Снова привели Бонасиё; по знаку кардинала офицер удалился.
– Вы меня обманули, строго сказал кардинал.
– Я! я обманул вашу эминенцию! сказал Бонасиё.
– Ваша жена ходила не к продавцам полотна в улицы Вожирар и Ля-Гарп.
– Боже праведный, к кому же она ходила?
– Она ходила к герцогине де-Шеврёз и герцогу Бокингему.
– Да, сказал Бонасиё, припоминая, – вы правы. Я несколько раз говорил жене, что это удивительно, что продавцы полотна живут в таких домах, где нет и вывесок, и жена каждый раз смеялась.
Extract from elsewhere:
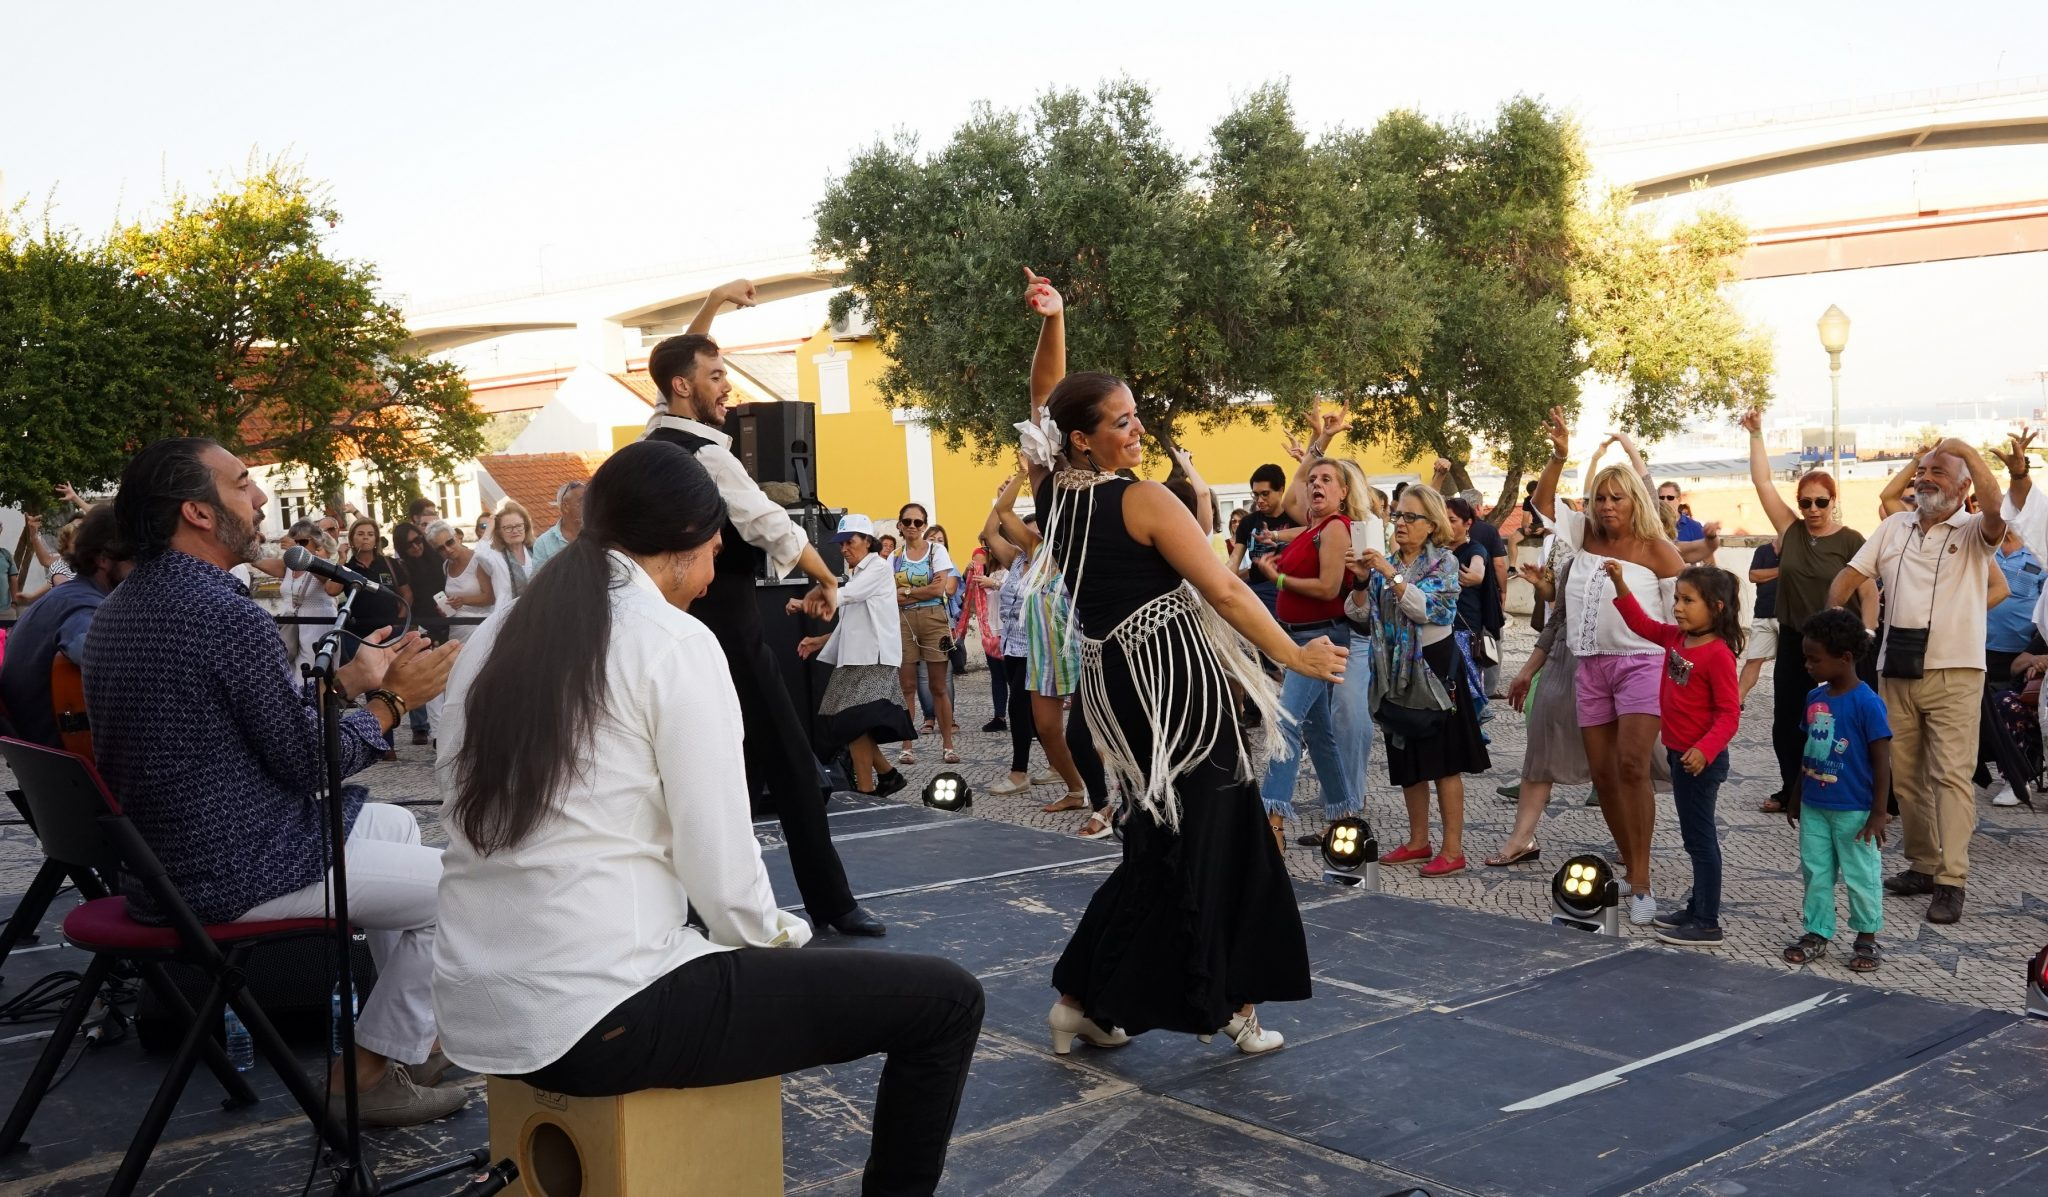 Dois bailarinos dançam flamenco ao som da música tocada por três músicos. À sua frente, um grupo de pessoas vai dançando

Ах! сказал Бонасиё, бросаясь к ногам кардинала, – вы действительно кардинал, великий кардинал, гениальный человек, которого все уважают.
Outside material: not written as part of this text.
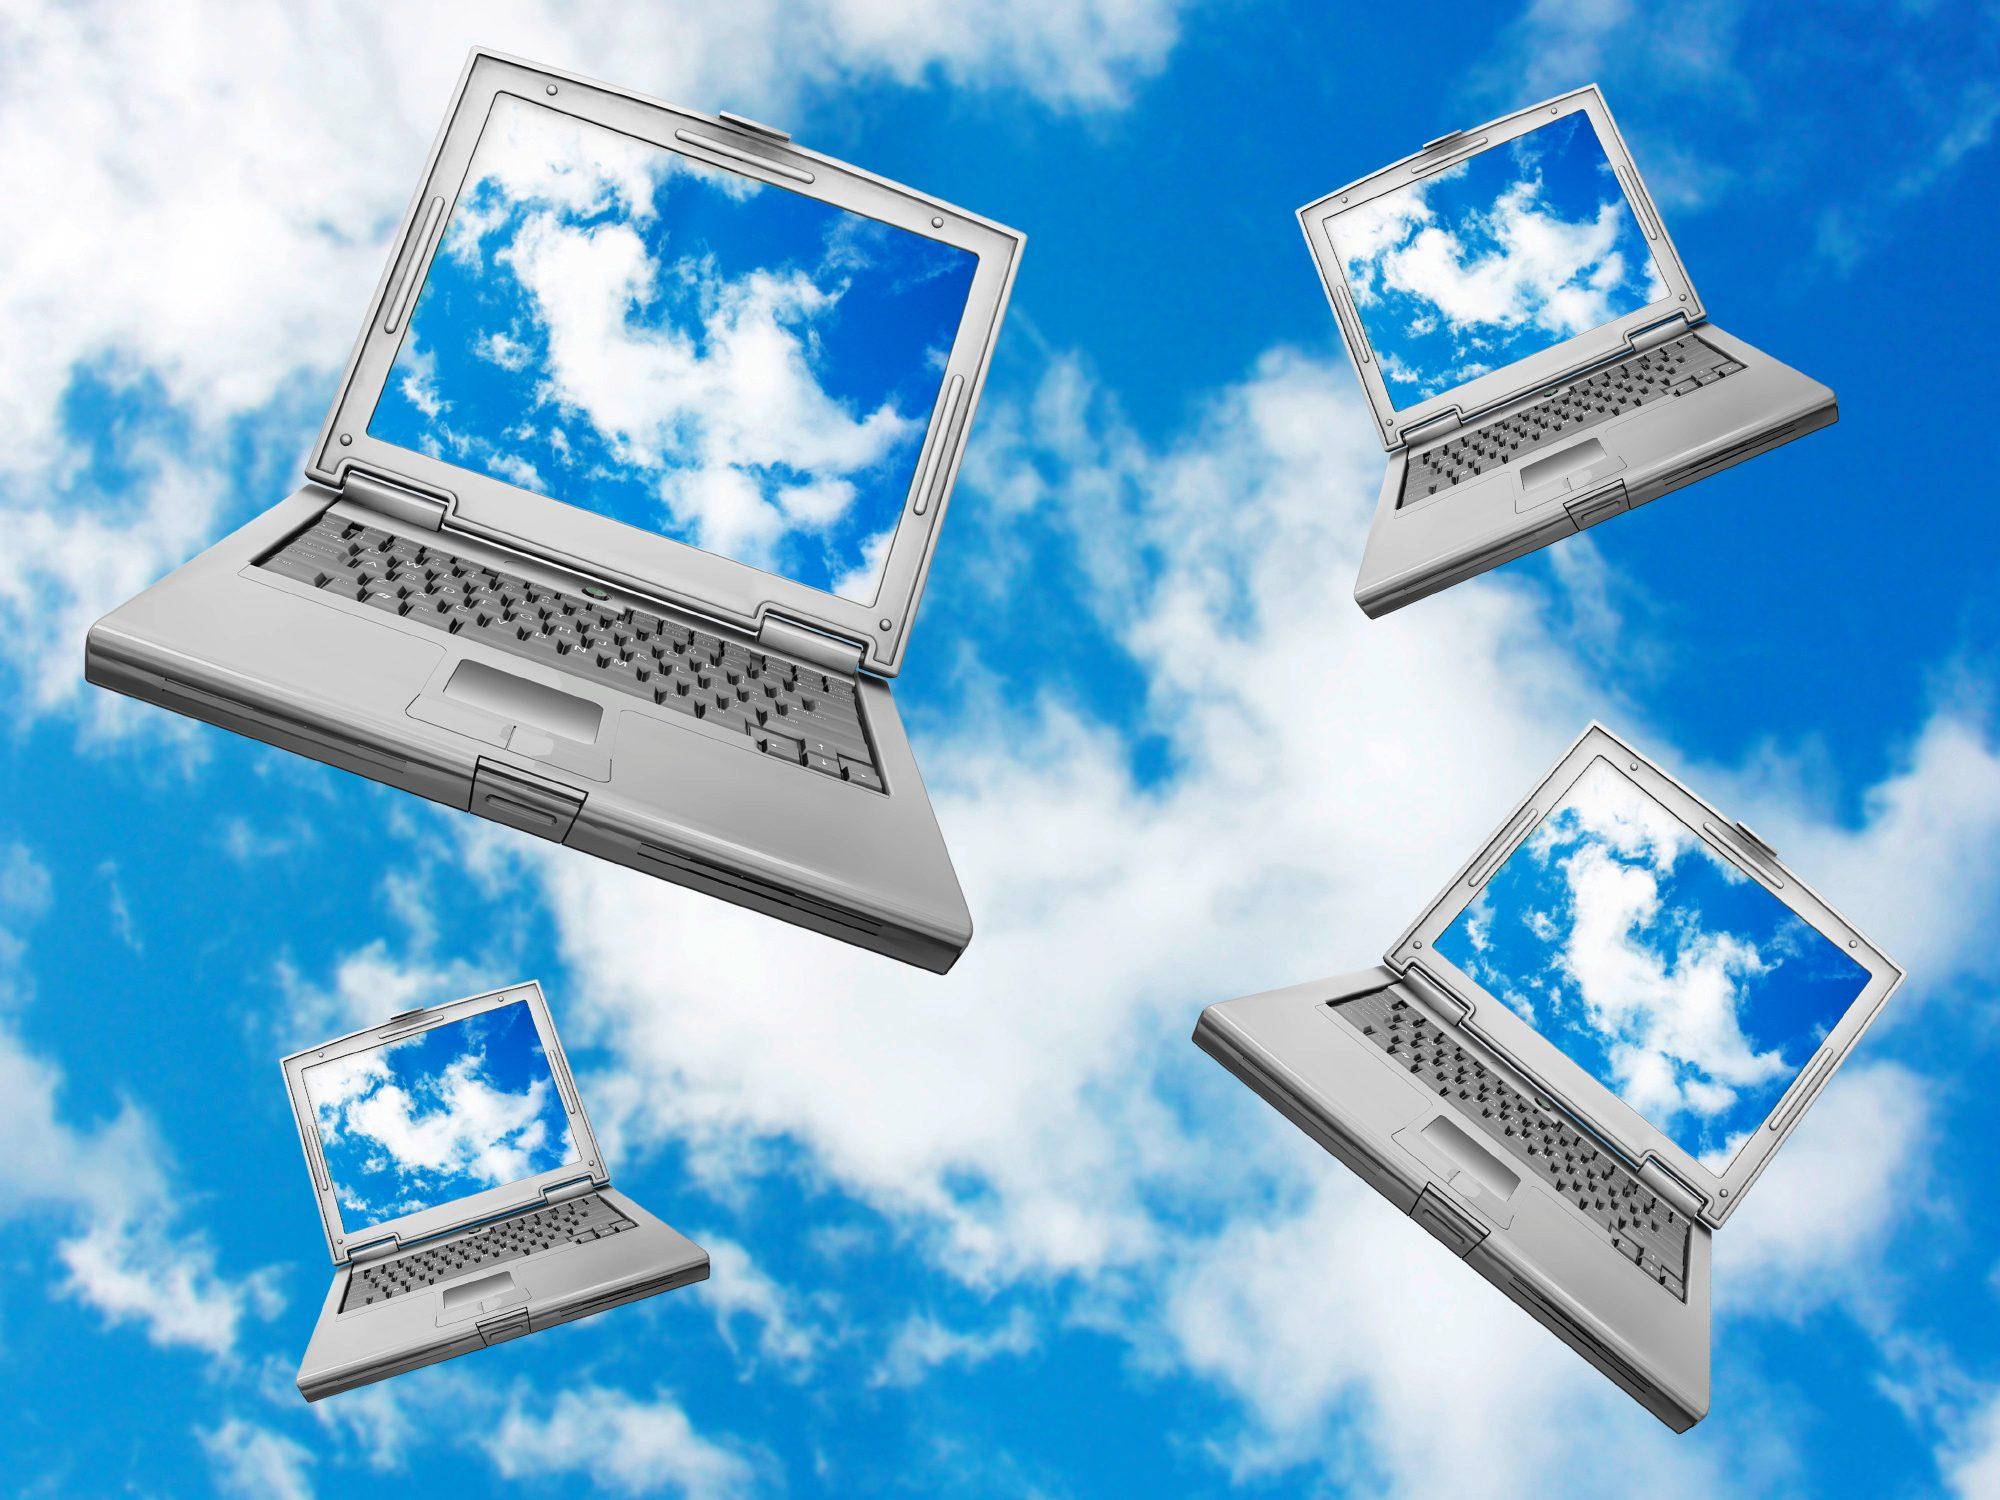 Settore pubblico: con cloud computing, risparmio di 2,5 mld di euro

Как ни ничтожно было торжество, одержанное над таким простым человеком, каков был Бонасиё, кардинал все-таки насладился им минуту; потом сейчас же, как будто в уме его промелькнула новая мысль, на губах его появилась улыбка и, протягивая руку лавочнику, он сказал:
– Встаньте, друг мой, вы честный малый.
– Кардинал дотронулся до моей руки! Я дотронулся до руки великого человека! вскричал Бонасиё. – Великий человек назвал меня своим другом!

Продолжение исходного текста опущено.